Closed fpbarthel closed 6 years ago
Comparison of TCGA SNP6 vs GATK WGS-based calls looks very good visually. There are n=44 samples with both callsets available. The GATK WGS-based calls look like they are of higher resolution and the number of breakpoints and segments per sample for the WGS-based calls is much higher. In fact, the number of segments in the WGS-based calls is roughly 10x more than in SNP6 calls (~60k vs ~6k segments).
In this IGV screenshot you can visually compare the resolution of SNP6 based calls (top n=44) versus WGS-based calls (bottom n=44). Samples are sorted by ID within each call set, so the top row of SNP6 calls is the same sample as the top row of GATK calls. Click on the screenshot to zoom.

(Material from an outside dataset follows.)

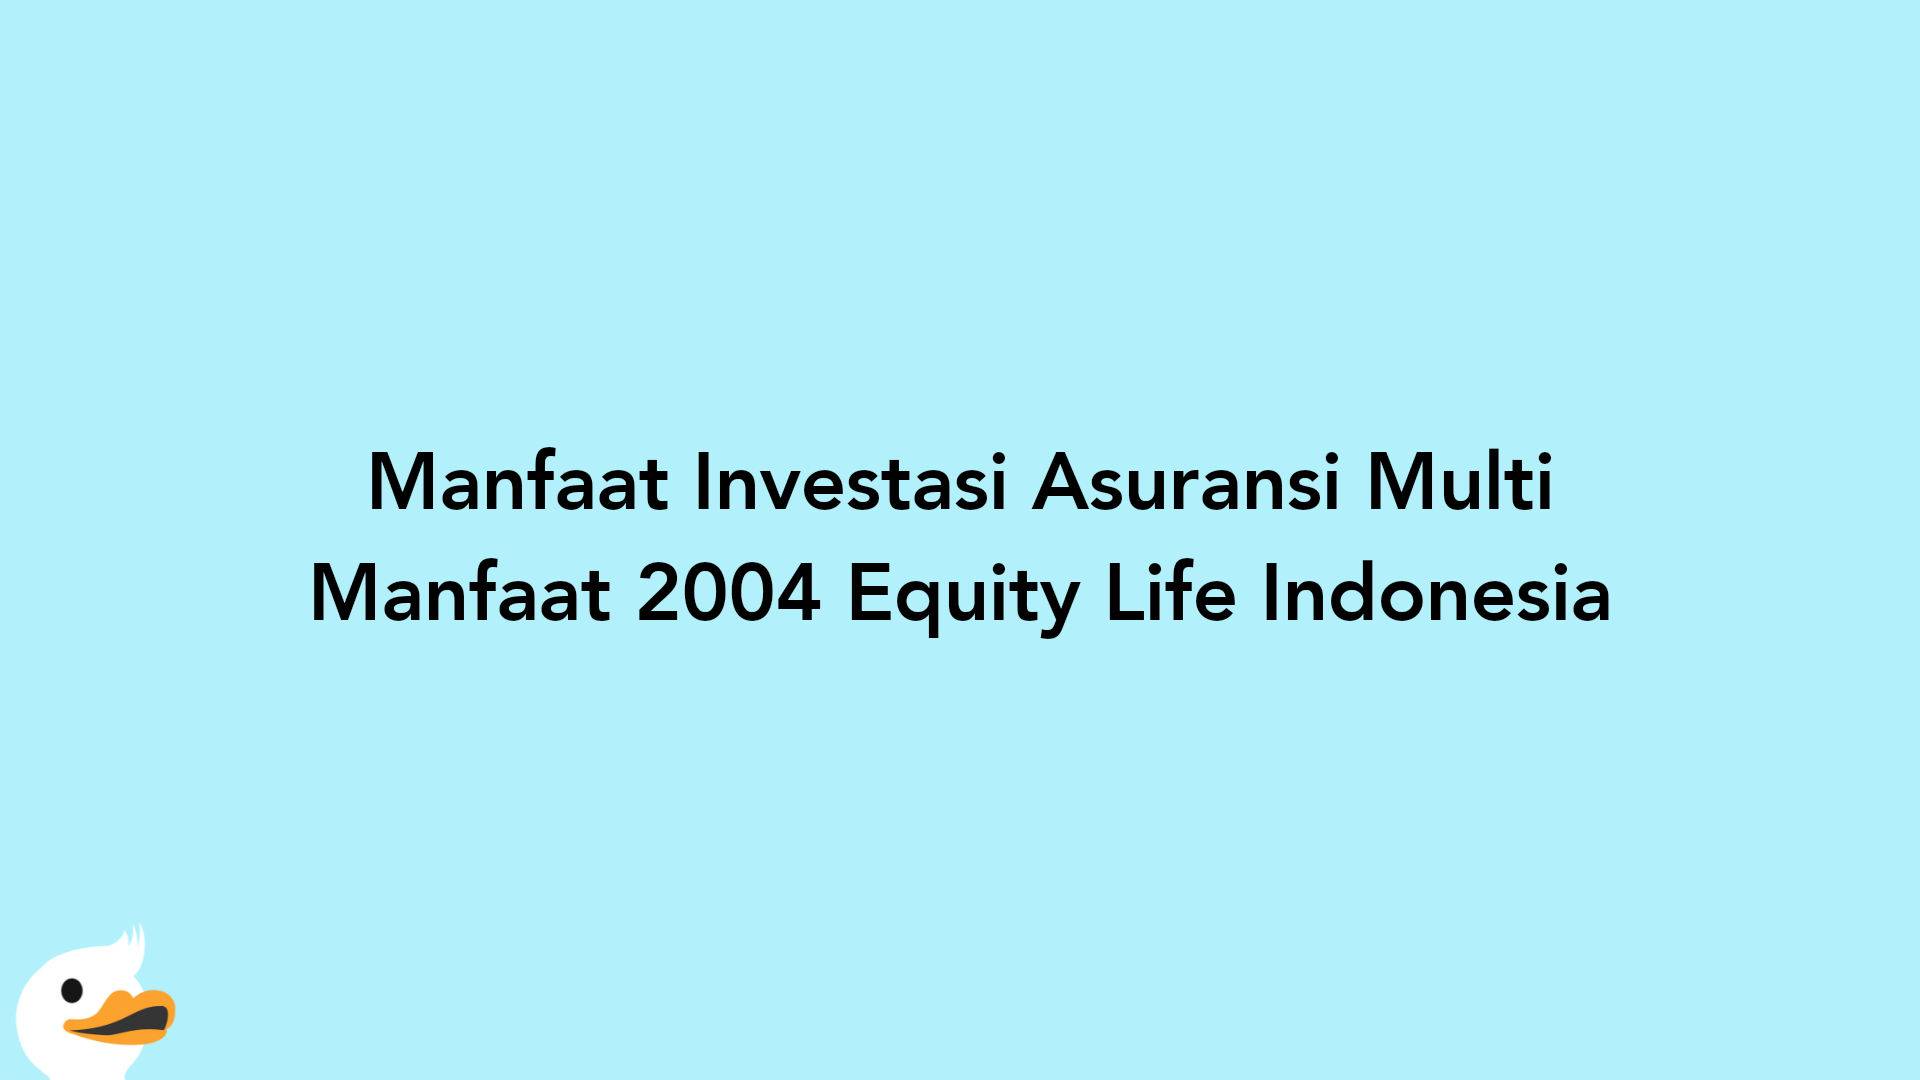 Manfaat Investasi Asuransi Multi Manfaat 2004 Equity Life Indonesia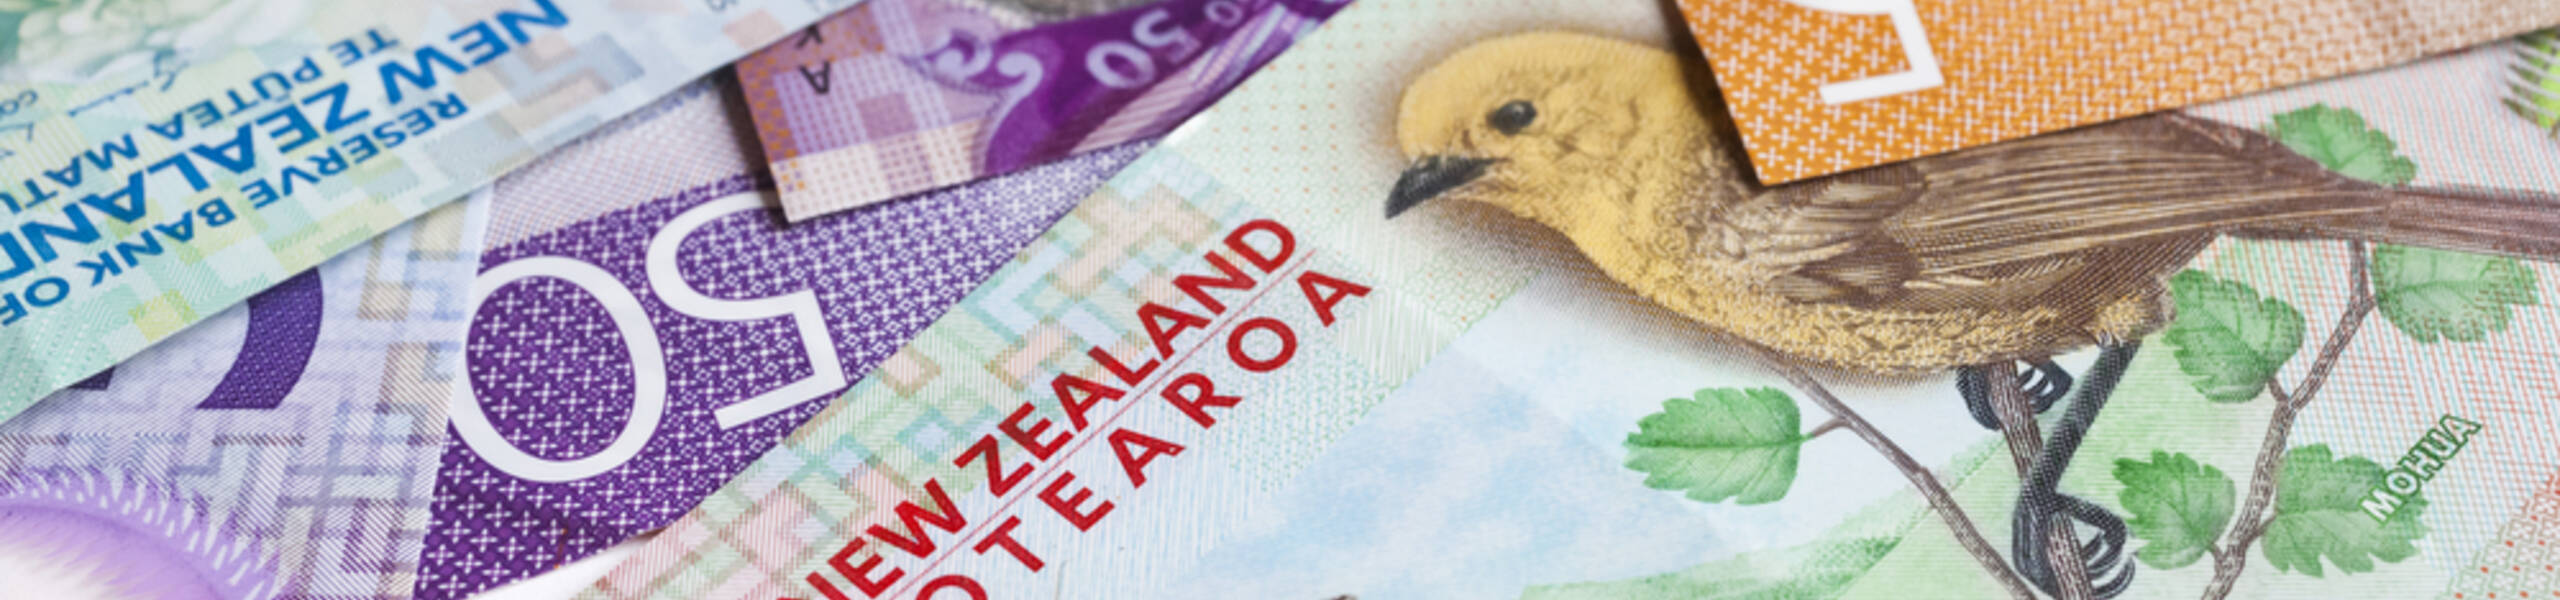 ดัชนียอดขายปลีกบัตรอิเล็กทรอนิกส์ของนิวซีแลนด์

Here I sorted samples by ID so every two rows is a unique sample. The top row of every pair is WGS-based and the bottom row is SNP6-based.
The copy number value density is somewhat different, with the WGS-based data having a much larger left sided tail. Nevertheless, both distributions look nicely centered around zero.
@Kcjohnson @sbamin it seems like GATK calls work very well for TCGA whole genome. Would you agree?
Amongst the lowpass CN calls available on firehose, there is only one sample that overlaps: TCGA-DU-5872-TP
. Eyeballing the copy number profile, it looks very similar compared to GATK and SNP6 calls.
Based on these findings I conclude that GATK CNV calls are accurate and of high resolution, seemingly more precise than SNP6 and low-pass calls.
It is still not clear how GATK CNV calls are impacted by selecting different PONs.
CNV results (GATK pipeline) are incoming and need to be QC'ed.